In the film, the Puerto Rican singer and actress plays Patricia, a retired Olympic athlete and mother of a girl with an incurable illness who decides to return to karate.
The winner of the first season of the show “¡Viva el sueño!”, an American format created by Univision in 2009, and the actress who played Rosalía in Steven Spielberg’s ‘West Side Story,’ admits that she fulfilled a dream by working with Sánchez, considered the greatest karateka of all time.
‘Fight Back,’ the movie: From Olympic gold to the big screen

Ana Isabelle contacted the Olympic champion to offer her the role of “the villain” in *Fight Back*, and Sánchez, at first, thought it was a joke because this year she’s also making her film debut in *Karateka*, a movie produced by Netflix Spain and A3 Media that’s inspired by her life and career.
“Suddenly finding myself involved in two projects—it seems incredible, and you wonder how all this is happening to you—but at the same time, you feel hopeful that, I don’t know, if dreams come true this way, well, let’s make them come true, right?” Sánchez told EFE. She participated this month in a martial arts seminar in Puerto Rico alongside her husband and coach, Jesús del Moral.

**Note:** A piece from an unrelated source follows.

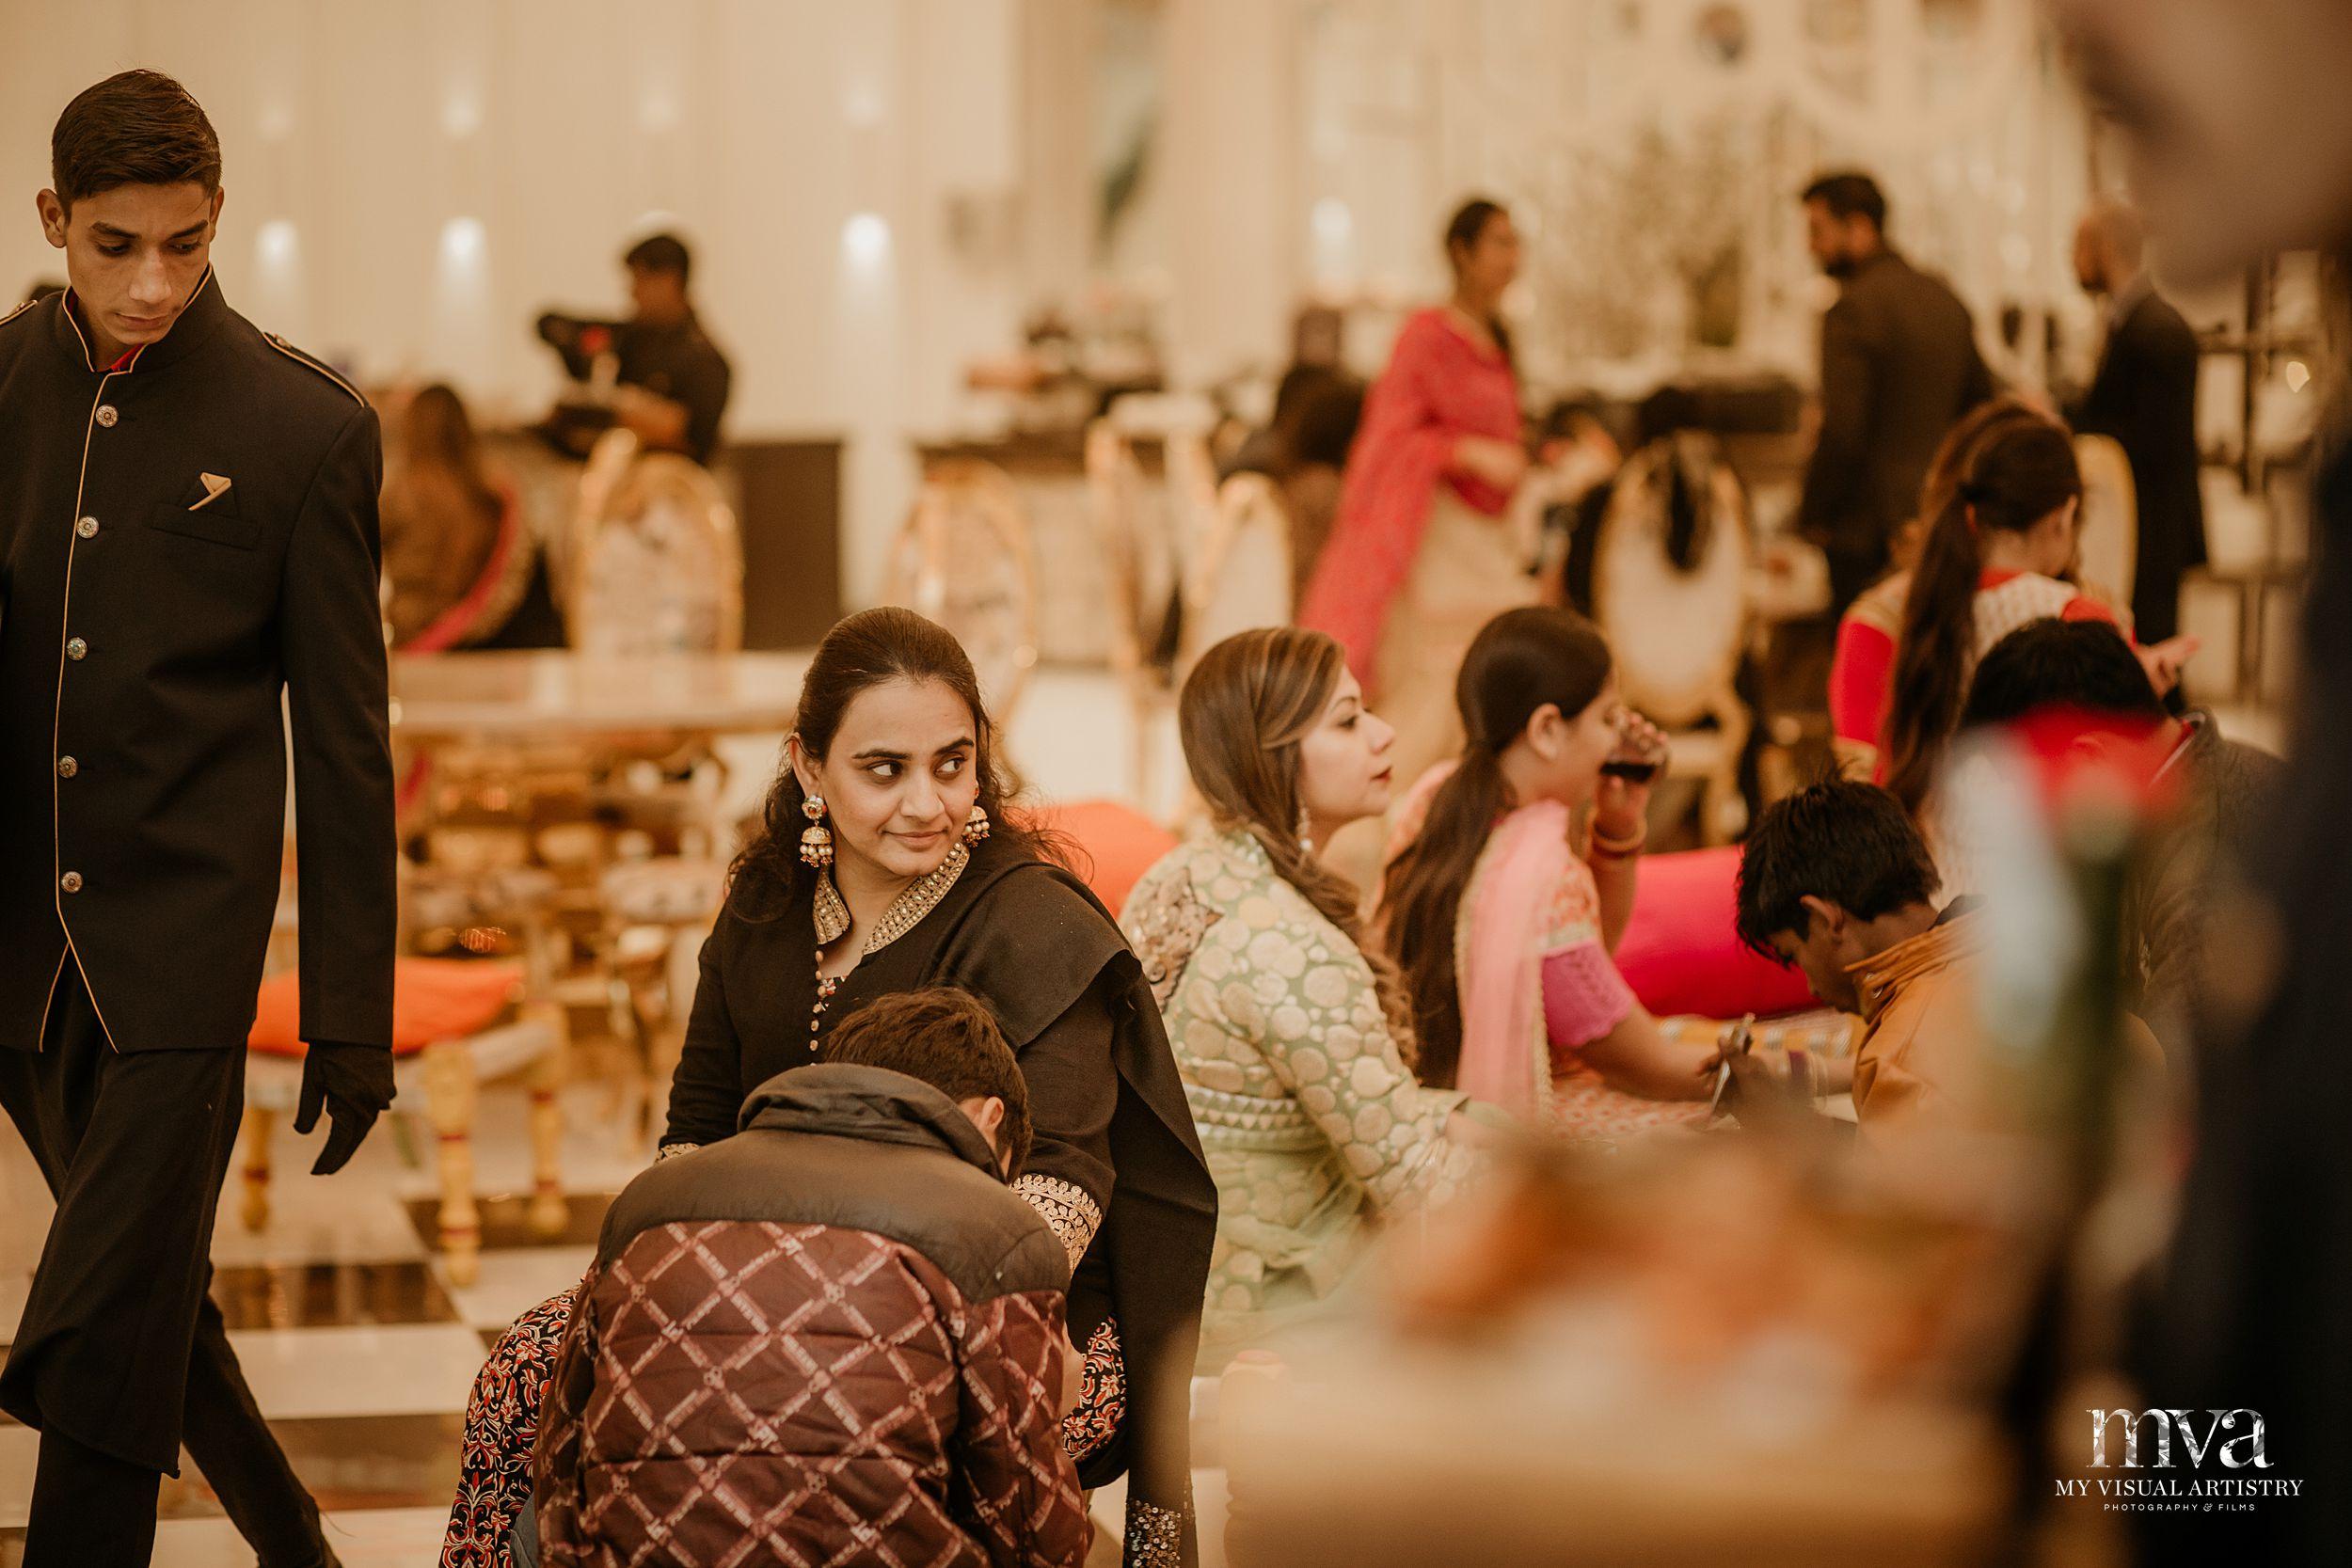 anant_arundhati_myvisualartistry_mva_wedding_sikh_ - 085.jpg

Sánchez admits that she is “very aware” of the sexism that exists in the world and of how “martial arts can, in some way, help women,” after revealing that the film about her life shows she suffered “an assault” and that, thanks to karate, she was able to get out of that situation “without anything more serious happening.”
“So, I’m very aware of how karate has helped me avoid freezing up, from going into shock,” says Sánchez, a native of Talavera de la Reina, who hopes that her appearance on ‘Fight Back’ will inspire more women “to practice martial arts, to find motivation, and to gain confidence.”
First Puerto Rican film with an original soundtrack in 20 years

In addition to acting and getting her start in film production, Ana Isabelle composed the soundtrack for *Fight Back*, and one of the songs is “Pa’Lante Voy,” featuring Álex Zurdo.
“It’s been more than 20 years since a movie with a ‘soundtrack’ was made in Puerto Rico, so this has also been a way to bring all my passions together in one big project,” admits the multifaceted artist.
Puerto Rican films are gaining an increasingly prominent presence at international film festivals, and an agent is already hard at work to secure a spot for “Fight Back” at film festivals as well.
Ana Isabelle revealed that they plan to create sequels to this feature film and secure funding to shoot in Japan or turn Puerto Rico into a “karate hub,” drawing on the more than 20 martial arts academies that collaborated on the project, according to Agencia EFE.